Would you repeat each line below exactly, without the pictures?
-- Given information follows --
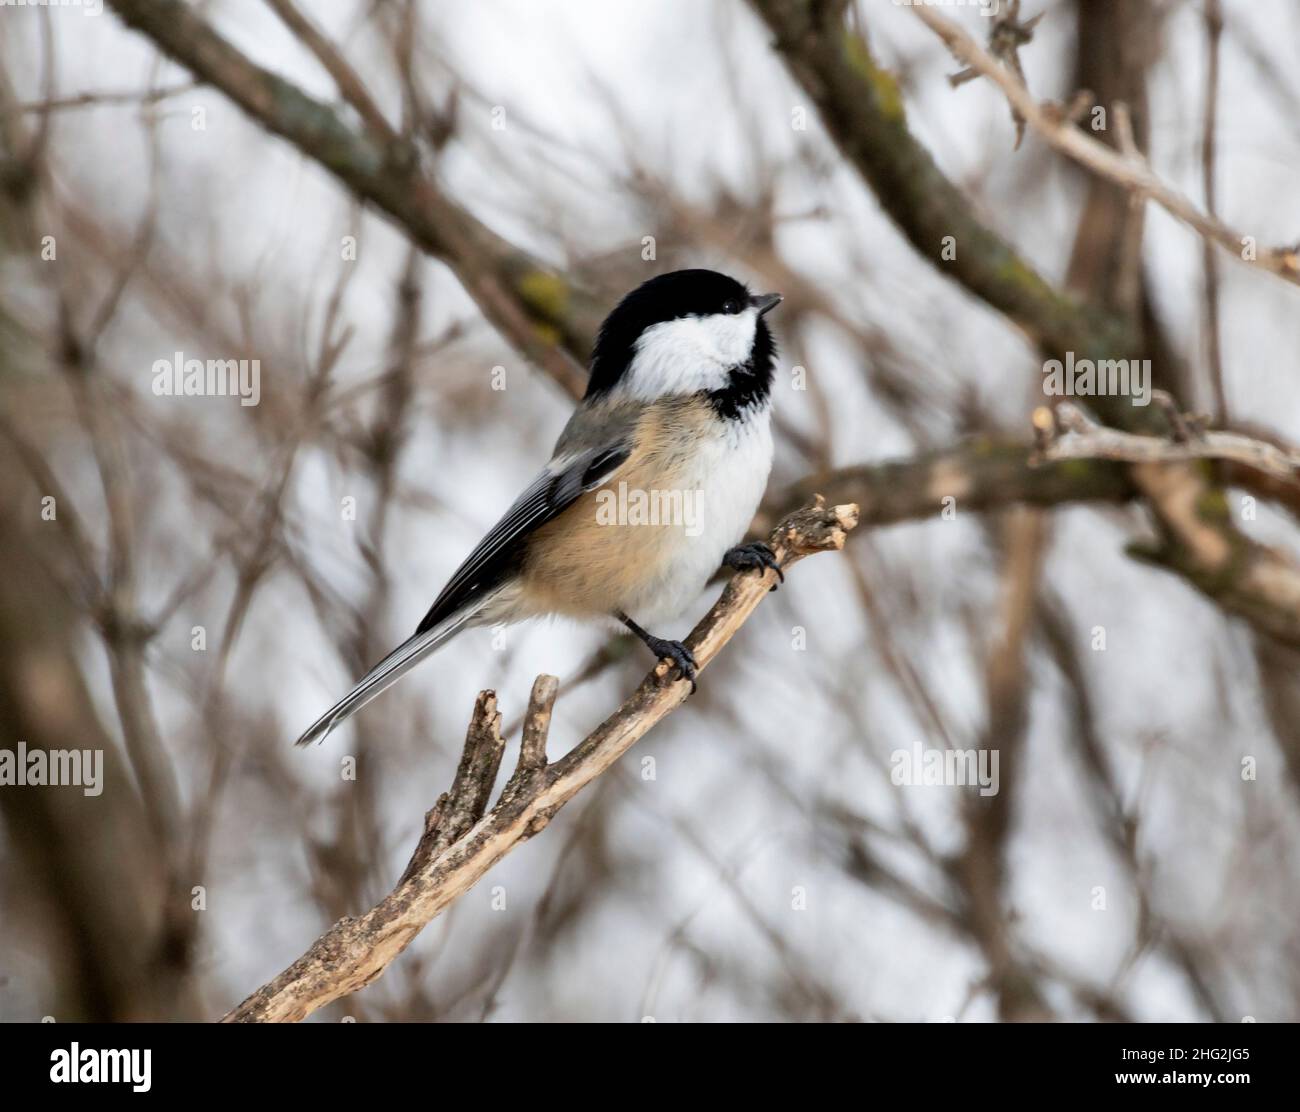 Black-capped Chickadee, Poecile atricapilla perched on branch Stock Photo
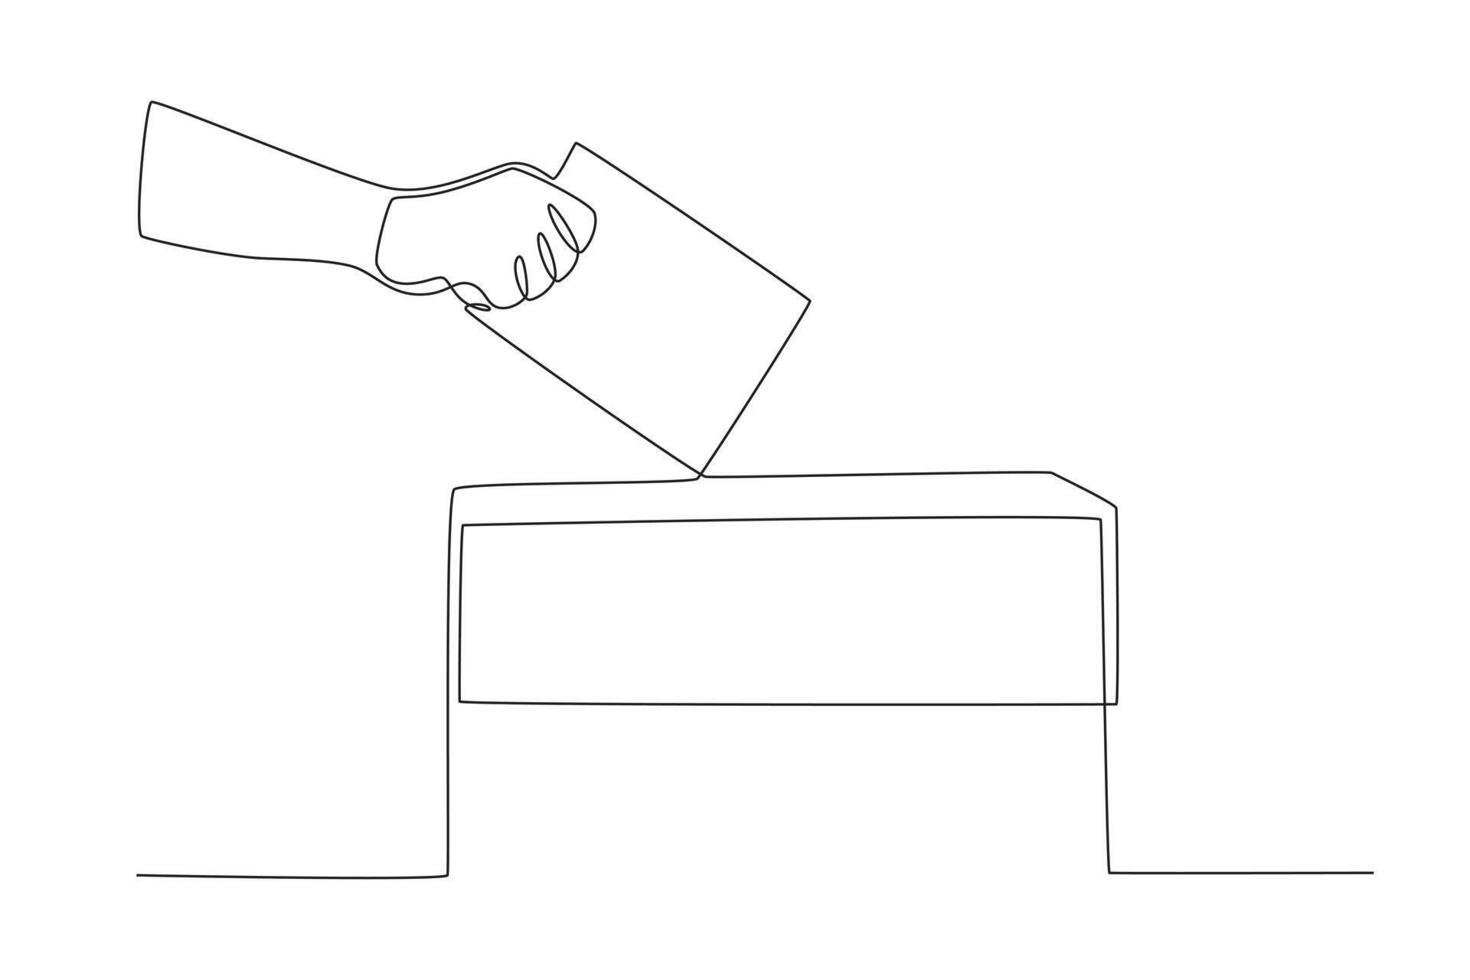 The ballot paper is folded into a rectangle and then placed in the box vector
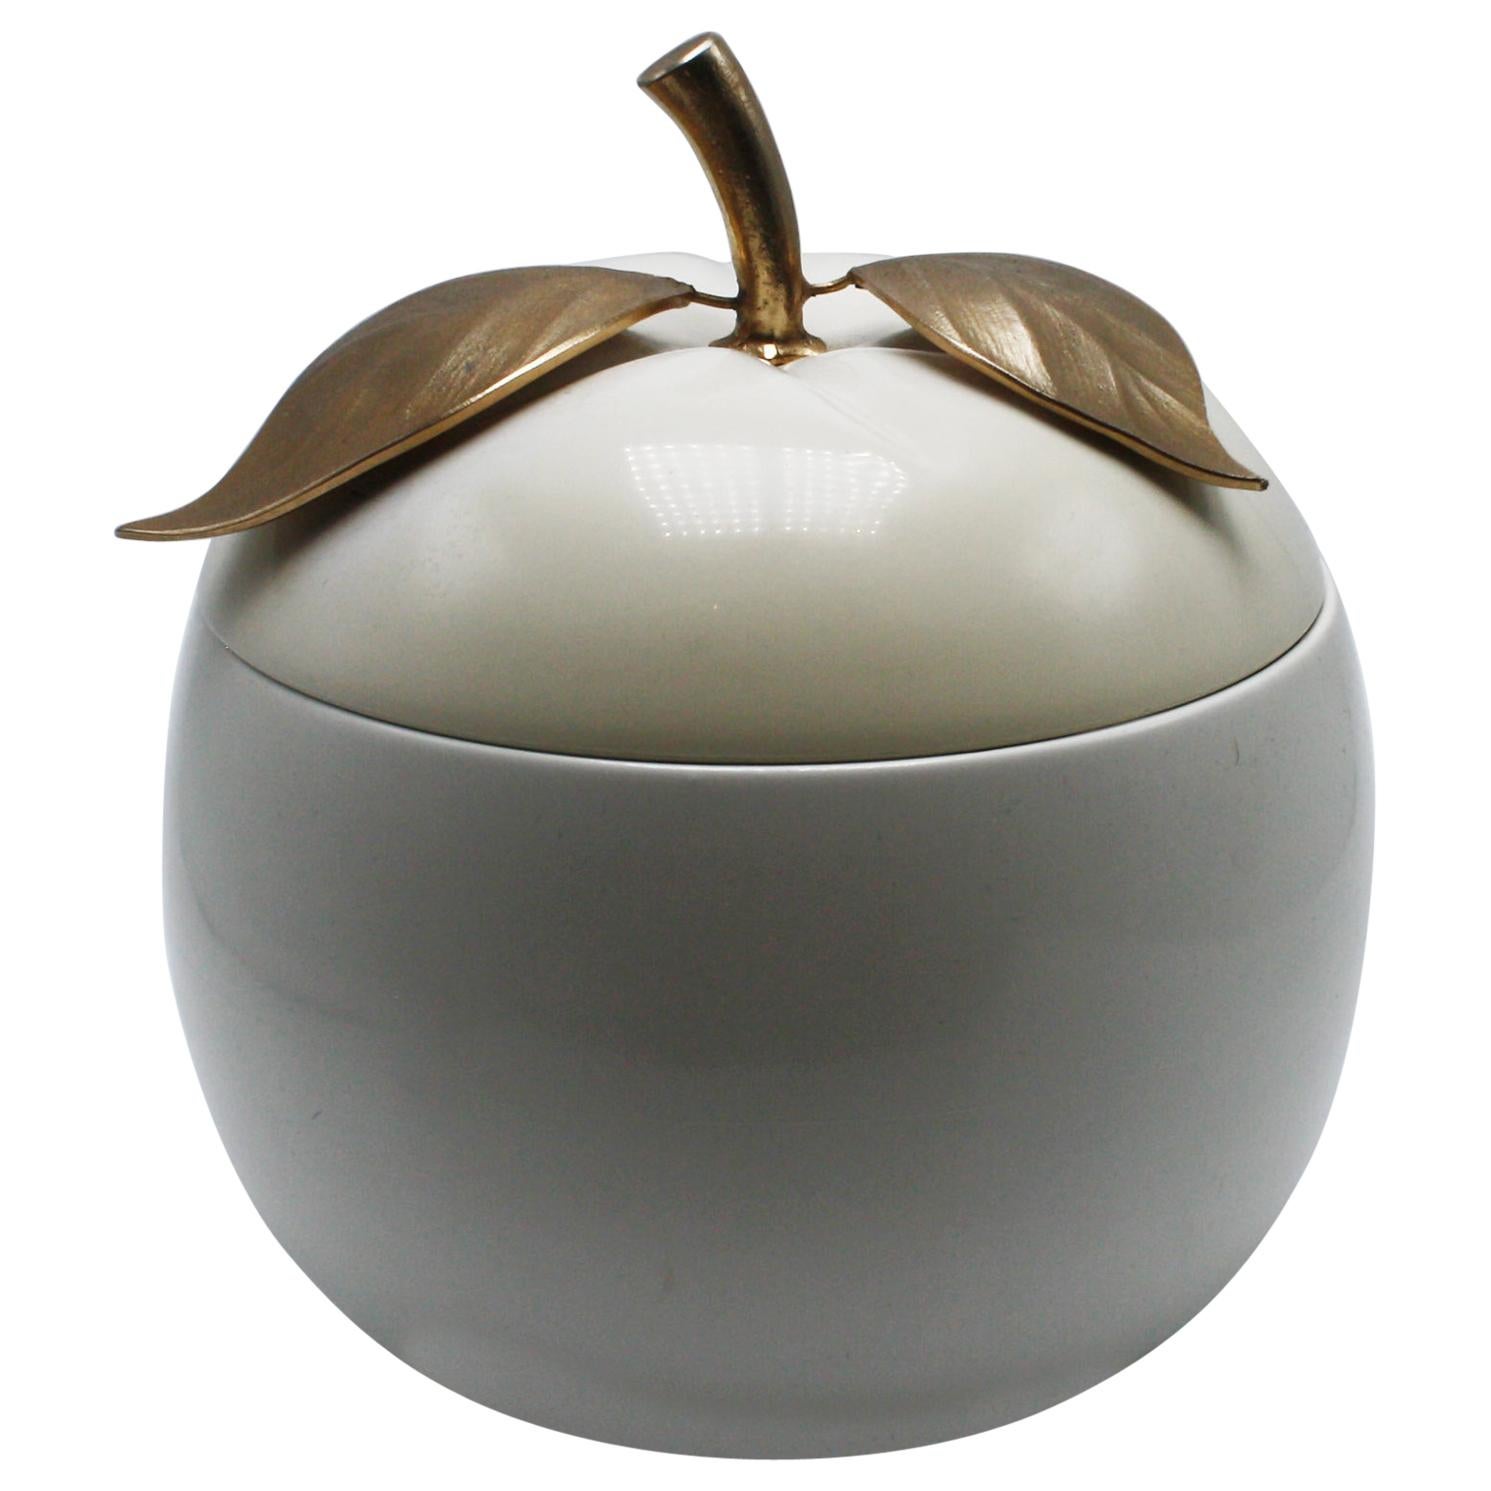 Freddotherm Apple Ice Bucket Gold-Plated by Hans Turnwald, circa 1960
-- Given information concluded --
(Result of this exercise):
 Black-capped Chickadee, Poecile atricapilla perched on branch Stock Photo
 The ballot paper is folded into a rectangle and then placed in the box vector
 Freddotherm Apple Ice Bucket Gold-Plated by Hans Turnwald, circa 1960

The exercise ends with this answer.